At first it was clear only in very obvious, pragmatic ways: being unable to take good notes or have an organized study plan during college, for example. Later, I started to realize that if I'd been paying attention, there was actually a lot of interesting information I had missed out on and found myself wishing I had learned it simply for learning's sake. Still later, I began to see that I had had a chance to develop a positive relationship with several interesting and often wise people: my teachers. It seems so ridiculous now that I chose instead to create constant strained and strife-ridden drama between us. And beyond those obvious relationships, I can now finally see and hear my fellow students, the ones who were studying hard and paying attention and doing all the work, many of them substantially more intelligent than me, undoubtedly even more capable of passing those exams without working so diligently.

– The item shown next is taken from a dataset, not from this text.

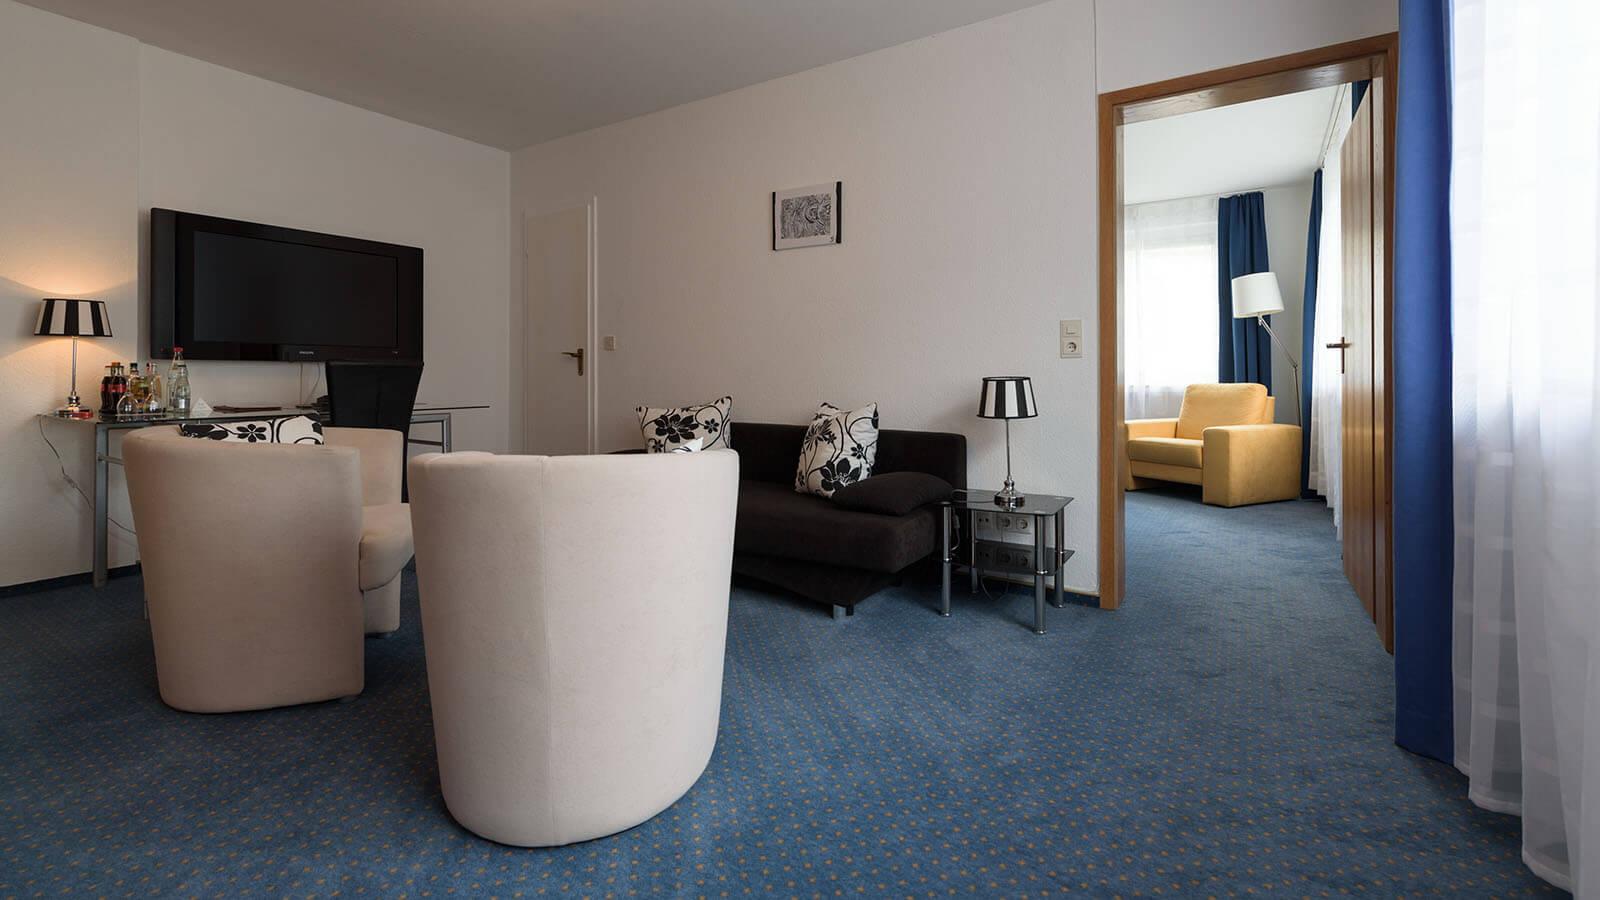 Appartement im Hotel Goethe Haus

I scorned them and would roll my eyes when they would complain about me in class or even sometimes would confront me face to face about my bad attitude; I didn't have even an inkling of the compassion for their positions that I have now.

So here I am today in the most unexpected role of a student again. I'm also, coincidentally, an English teacher by profession, as I study Cha Dao here in Taiwan. I feel very fortunate that my students are children, because in general, it's their nature to completely empty themselves and unquestioningly accept everything I teach them; even when I tell them all the chocolate in the world is made by a tribe of little orange African people called the "Oompa Loompas." In essence, they are incredibly humble, and one of the amazing sideeffects of this is that they are willing to allow their enHumility tire picture of the universe to shift tremendously at any given moment. My teacher says that the master's innocence is more powerful than the child's, for the child will soon grow into an ego and lose such unconscious innocence and grace, while the master has earned his with awareness; and it's true; the more we cultivate a return to that child-like state of humility, the faster we too will learn from our teachers and find our awareness returning to recognition that the universe is indeed ever-changing and awe-inspiring, never to be caught in our static, conceptual, 'adult' nets of pride.

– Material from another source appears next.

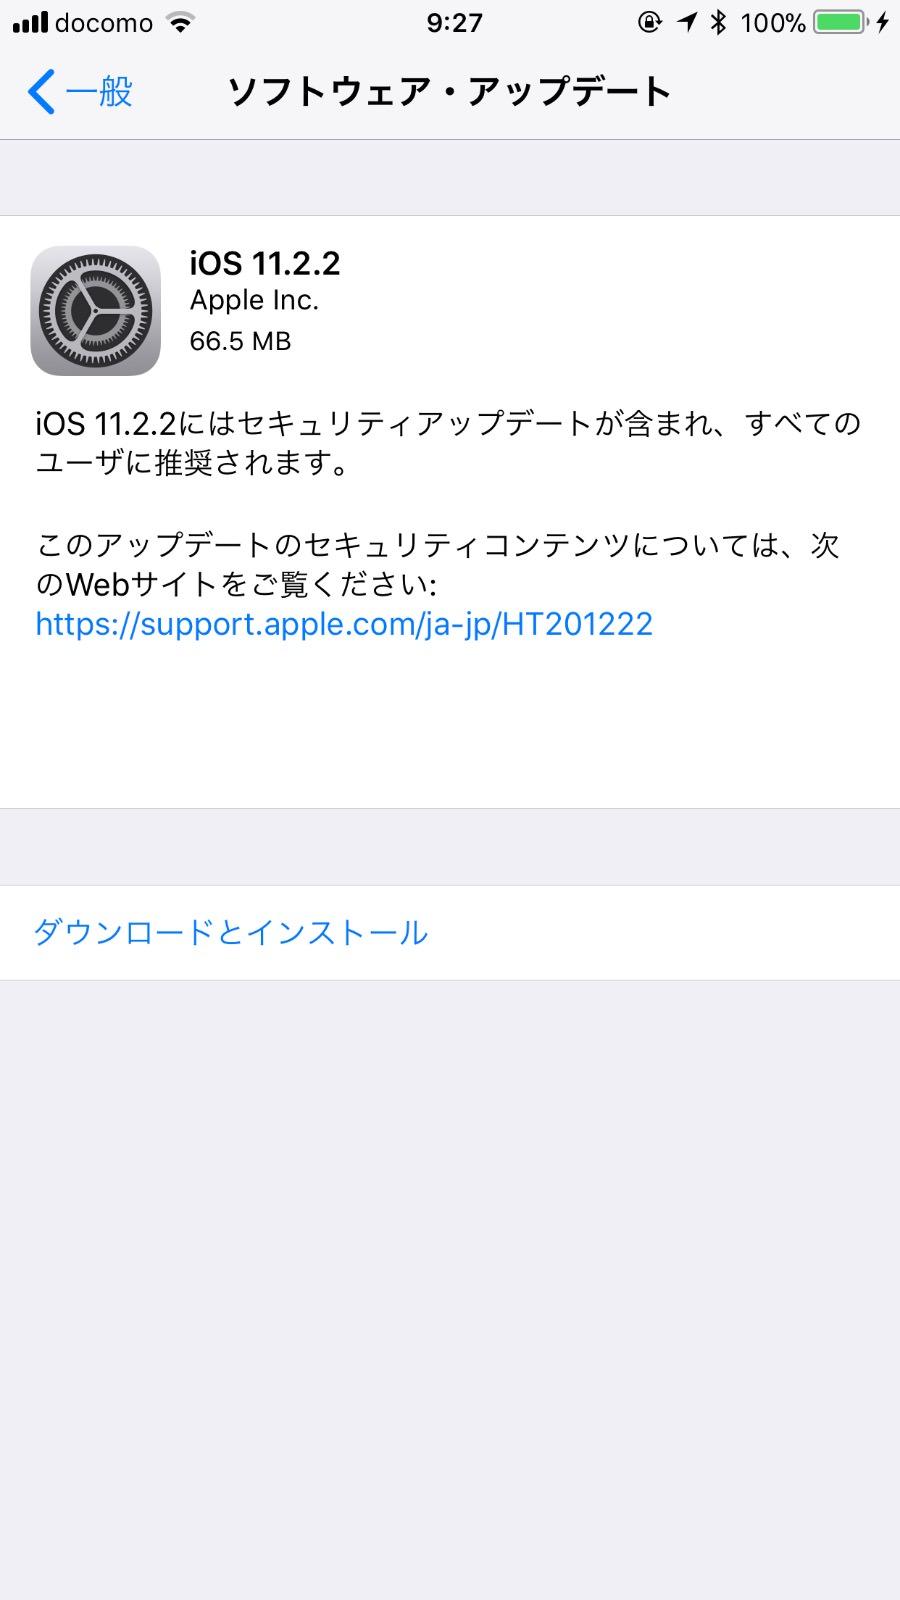 「iOS 11.2.2 ソフトウェアアップデート」リリース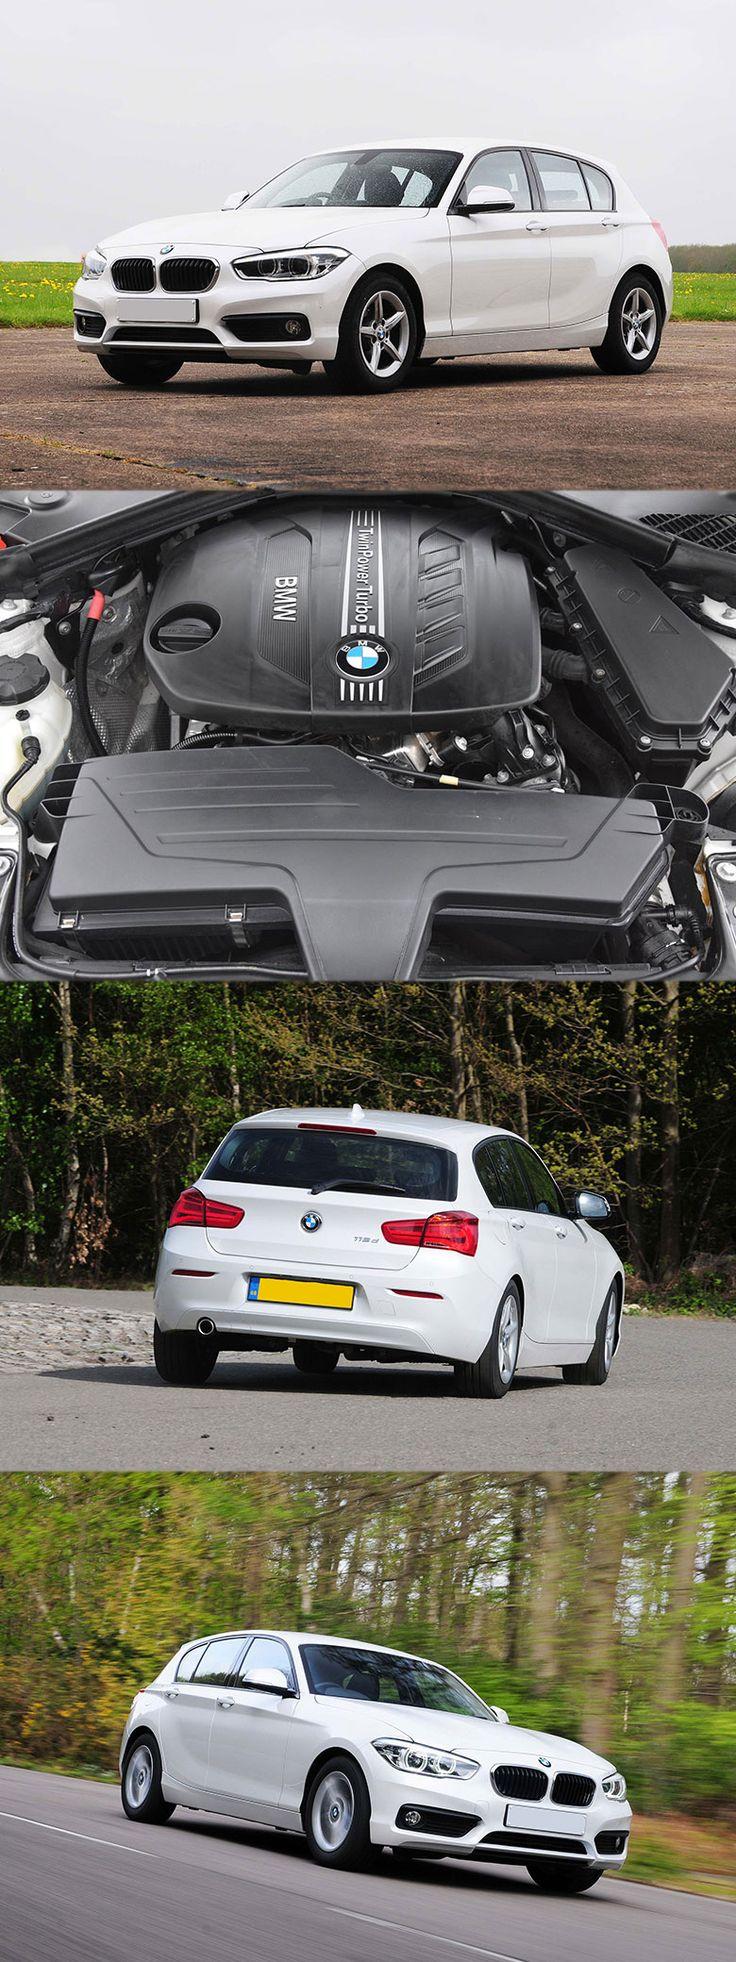 BMW 118d, A Splendid Compact Hatchback https://www.enginetrust.co.uk/blog/category/bmw/

So today, thankfully, I've finally found myself developing as a student of Cha Dao. I do my best each day to take a reminder from the empty cups. Yet still there is that voice inside that is always waiting to speak up with an "I know that" an "I doubt it," or some other such objection which has the potential to even lead to an argument; and is, of course, the vocalization of a refusal to learn.

Fortunately, I can now bring a bit of awareness to that voice inside my head - that part of me that is actually convinced that I'm being threatened by the suggestion that I could improve myself in some way by learning the lesson at hand. I'm the one threatening myself, because the deepest part of me wants to improve, and I'm getting in the way. I can see that I'm disconnecting from my teacher and fellow students, forcing others who were eagerly drinking to wait on my stubbornness. But the greatest loss of all is the ability to see the world as it really is; beyond the grasp of my knowledge and understanding, a mystery of blinding beauty. Of course, these sorts of thoughts and realizations are a long way off from the natural state of a child, but old habits die hard; ultimately, I have faith that if I as a child could begin to lay those bricks one by one until they towered above me, I can now knock them back down until I can stand free of them again.